Single by Davido
- Released: 13 August 2013
- Recorded: 2013
- Genre: Afropop; Afrobeat;
- Length: 3:07
- Label: HKN
- Songwriter: David Adeleke
- Producer: Shizzi

Davido singles chronology
| "Paper (remix)" (2013) | "Skelewu" (2013) | "Go Below (remix)" (2013) |

Alternative cover
- UK version cover

Music video
- "Skelewu" on YouTube

= Skelewu =

"Skelewu" is a song by Nigerian singer Davido. It was produced by Shizzi, HKN Music's in-house producer, and peaked at number one on Afribiz's Top 100 chart. "Skelewu" was ranked 5th on Premium Times list of the Top 10 songs of 2013. It gained popularity in Nigeria after Davido announced the Skelewu dance competition, and was endorsed by African footballers Emmanuel Adebayor and Samuel Eto'o.

"Skelewu" was nominated for Song of the Year at both the 2014 MTV Africa Music Awards and African Muzik Magazine Awards.

==Instructional video and dance competition==
Davido promoted "Skelewu" by uploading an instructional dance video to YouTube on 18 August 2013. Directed by Jassy Generation, the video's release was accompanied by an announcement of the Skelewu dance competition. In order to win the competition, participants were told to watch the instructional dance video and upload videos of themselves dancing to the song. According to Pulse Nigeria, the number of dance videos uploaded to YouTube by fans aggregated to over 100,000 views. On 10 October 2013, Davido declared Bello Moshood Abiola the winner of the competition.

==Music videos==

===Releases===
There were two music videos released after Davido released the instructional dance video of Skelewu. The first music video, directed by Sesan, was released on 15 October 2013. It was uploaded to YouTube under a parody account. Shortly after its release, fans belittled the video and criticized it for not being up to par. Davido told his fans to disregard the video's unauthorized release and said someone betrayed him by releasing it. He also expressed his desire to make another video with Moe Musa, a UK based music video director. In a statement released by his team, Sesan said Davido was satisfied with his contributions to the music video and that it would be immature for the singer and his management to release inaccurate statements to defame his brand.

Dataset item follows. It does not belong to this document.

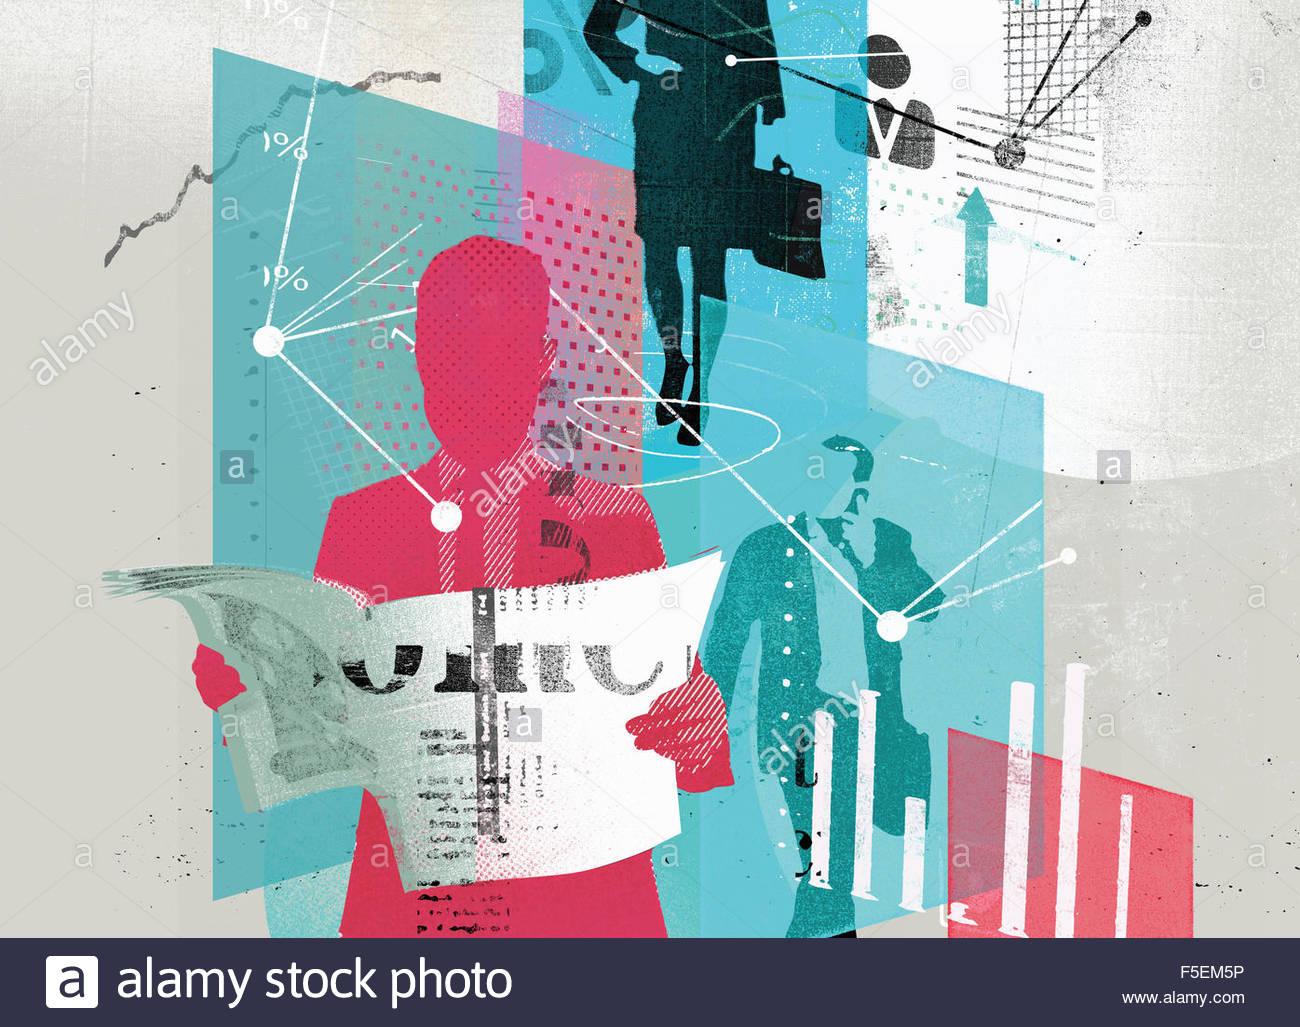 Collage von Geschäftsleuten, Grafiken, Daten und Verbindungen Stockbild

On 21 October 2013, Davido released the official music video. After its release, he received criticism from people who felt the video closely resembles LMFAO's "Party Rock Anthem" music video. According to Vanguard newspaper, the number of people who disliked the official music video almost equate those who disliked the alternative video. Moe Musa reacted to fans' condemnation of the official video in a negative way. There were reports that Davido wasn't pleased with Moe Musa's video and was looking forward to shooting another music video with Clarence Peters.

===Reception===
The music videos for "Skelewu" received mixed reviews from music critics. Tosin Ajibade criticized the Sesan-directed music video for piecing together random dance clips. The website Afrobeat360.com praised the Moe Musa-directed video and commended its setting, location, narrative and choreography.

===Accolades===

| Year | Awards ceremony | Award description(s) | Results | Ref. |
| 2014 | Channel O Music Video Awards | Most Gifted Dance | Nominated |  |
| Nigeria Entertainment Awards | Best Music Video of the Year (artist and director) | Nominated |  |
| African Muzik Magazine Awards | Song of the Year | Nominated |  |
| Best Dance in a Video | Nominated |
| MTV Africa Music Awards 2014 | Song of the Year | Nominated |  |
| All Africa Music Awards | Best Male Artiste in West Africa (Davido for "Skelewu") | Won |  |

==Live performances==
On 3 November 2013, Davido performed "Skelewu" at the "Guinness Colourful World of More" concert alongside numerous artists, including P-Square, D'banj, Wizkid, Ice Prince, Burna Boy, Olamide, Phyno, Chidinma, Waje and Tiwa Savage. The concert occurred at the Eko Convention Centre in Victoria Island, Lagos. On 17 December 2013, Davido performed "Skelewu" at the 2013 edition of Carniriv, which was held in Port Harcourt at the Liberation Stadium. On 30 December 2013, he performed the song in front of 16,000 people who attended Calabar Rocks, a concert sponsored by the Calabar Carnival Commission.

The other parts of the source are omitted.